• _Problem requirements_
Would you transcribe the whole listing exactly and drop its images?

┌─ Data provided

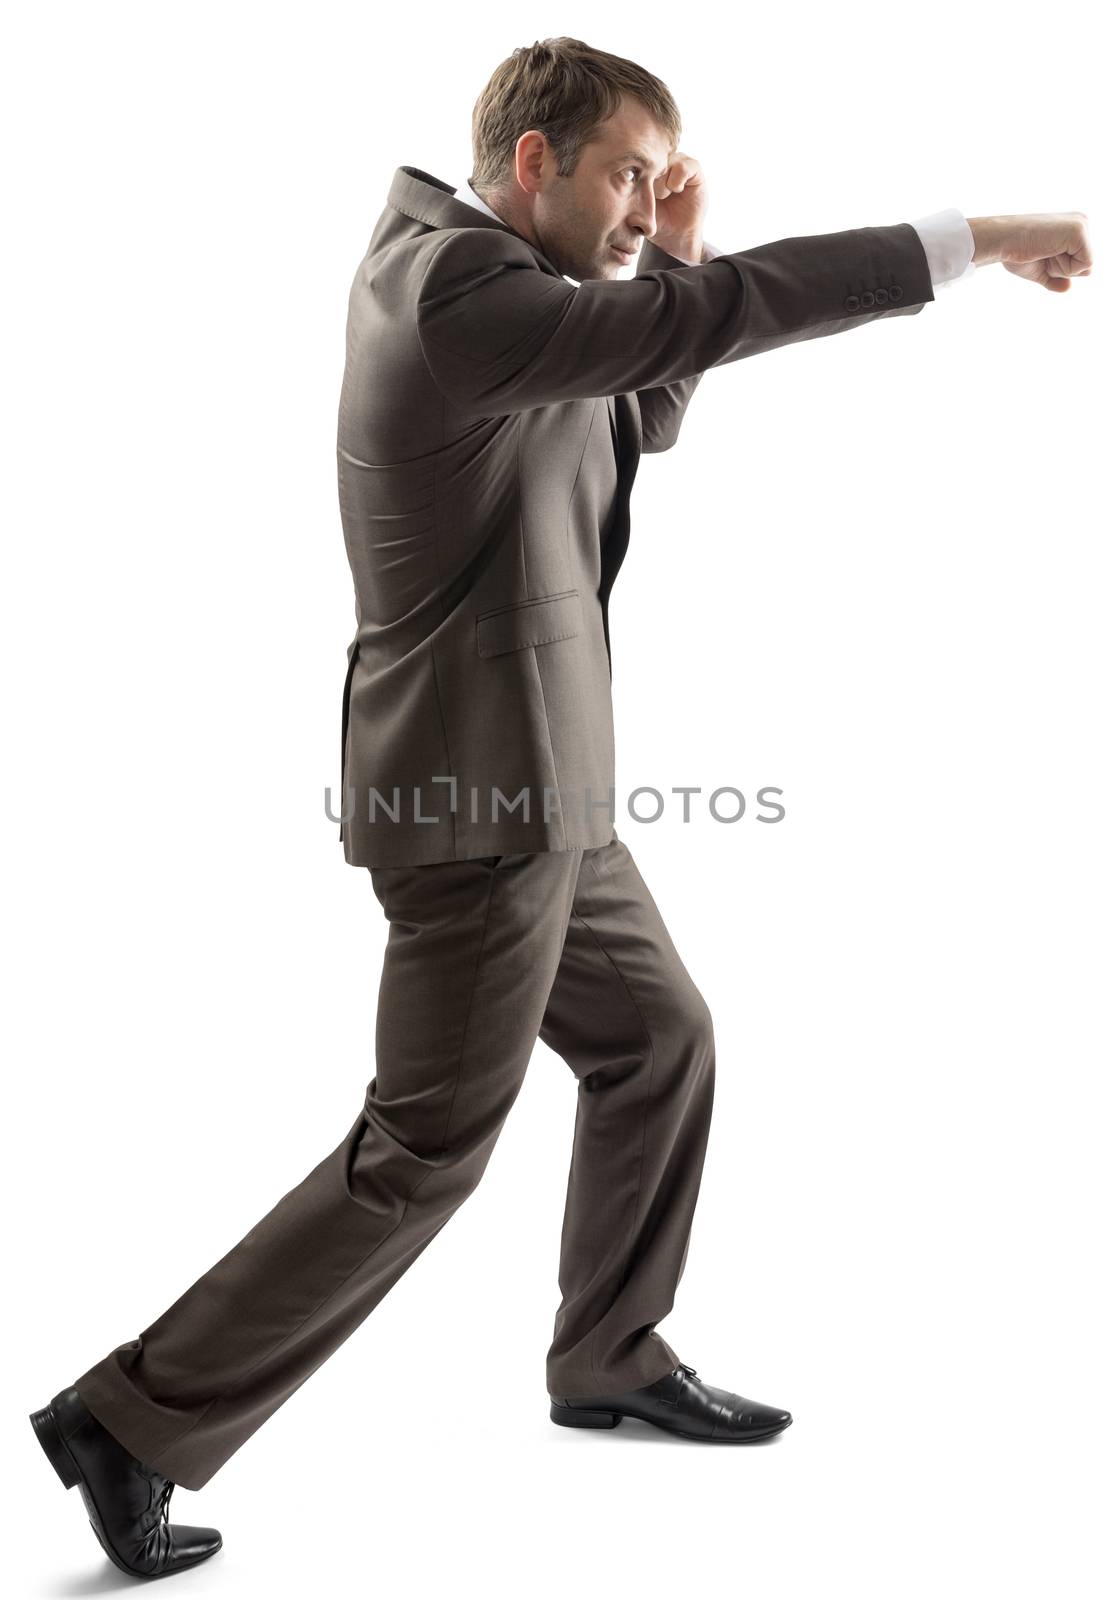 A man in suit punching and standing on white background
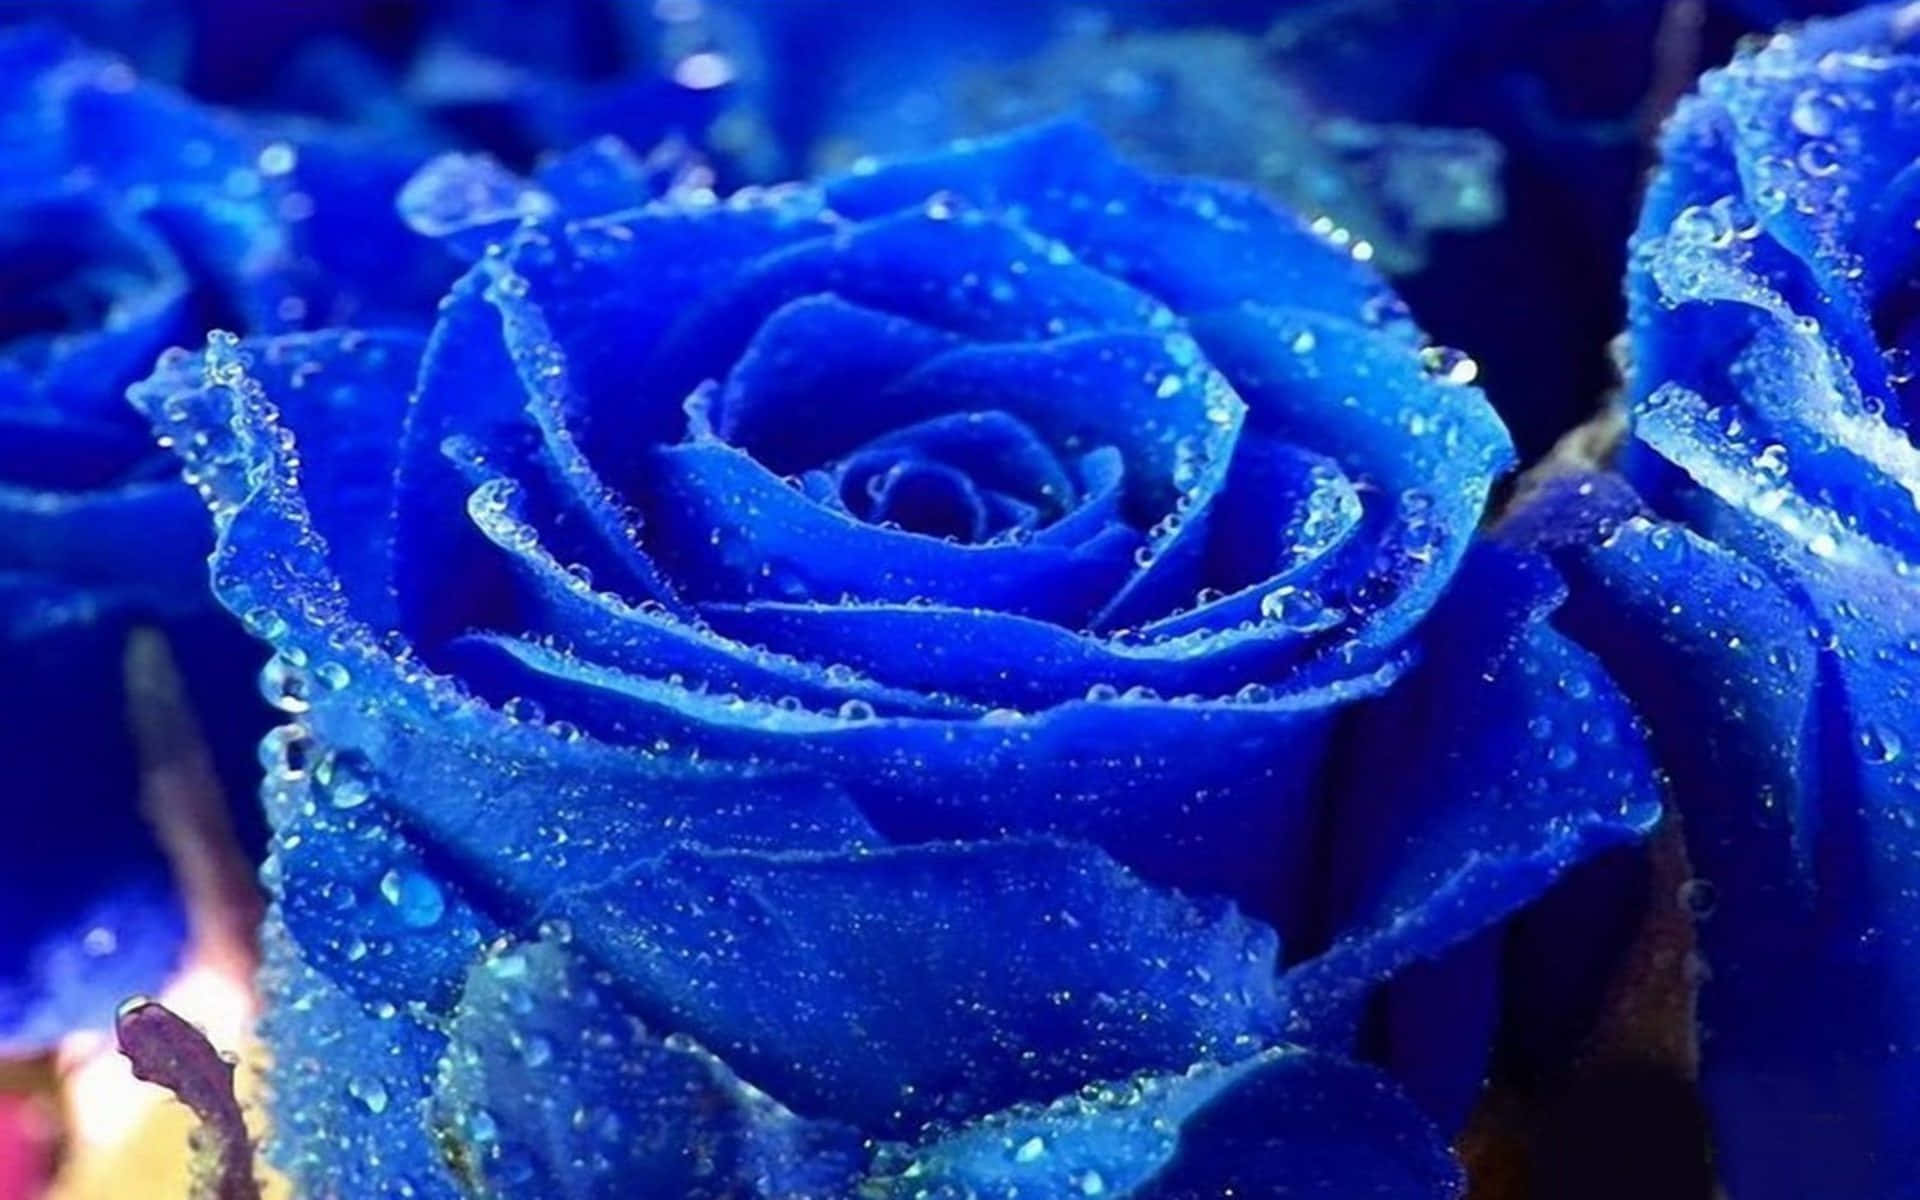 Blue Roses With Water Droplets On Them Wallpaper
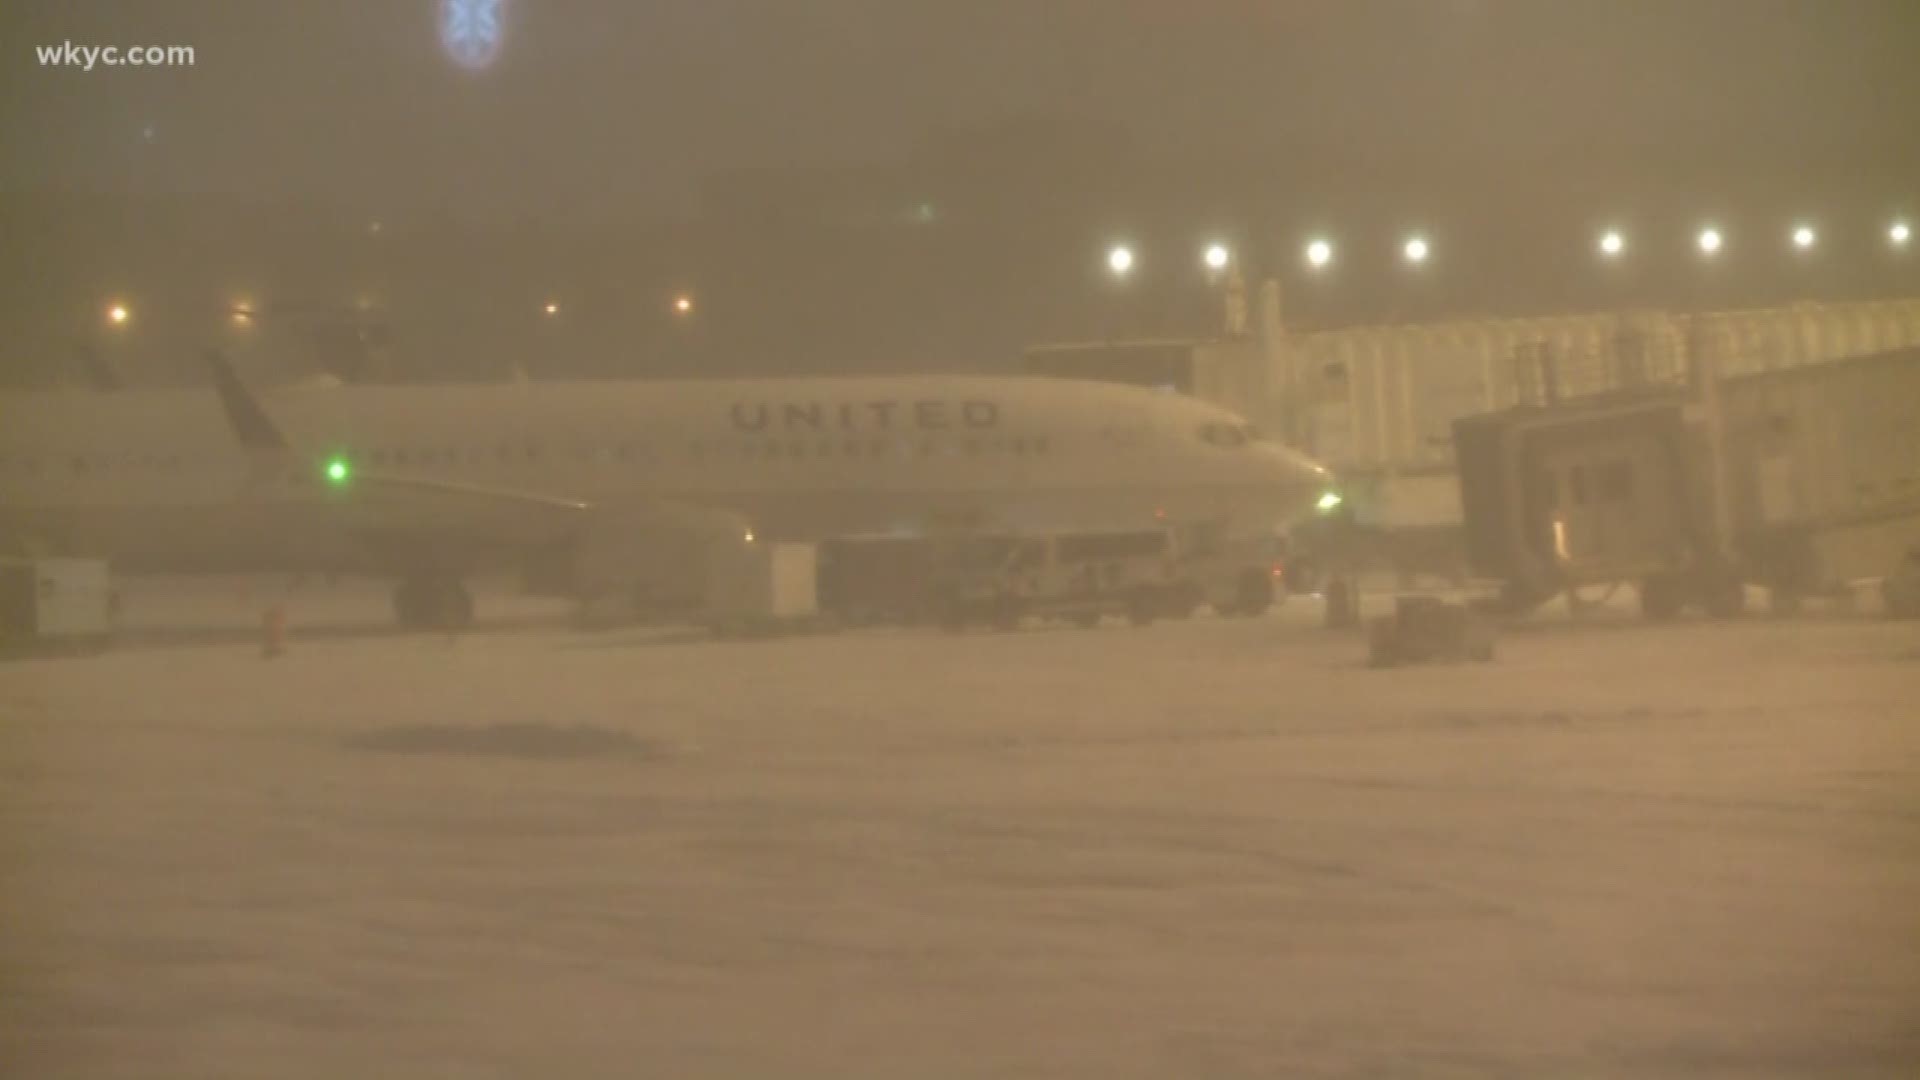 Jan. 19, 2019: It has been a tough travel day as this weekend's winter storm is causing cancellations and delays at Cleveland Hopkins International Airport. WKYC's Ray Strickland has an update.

└─

• _Response to this exercise_
 A man in suit punching and standing on white background
 Blue Roses With Water Droplets On Them Wallpaper
 Jan. 19, 2019: It has been a tough travel day as this weekend's winter storm is causing cancellations and delays at Cleveland Hopkins International Airport. WKYC's Ray Strickland has an update.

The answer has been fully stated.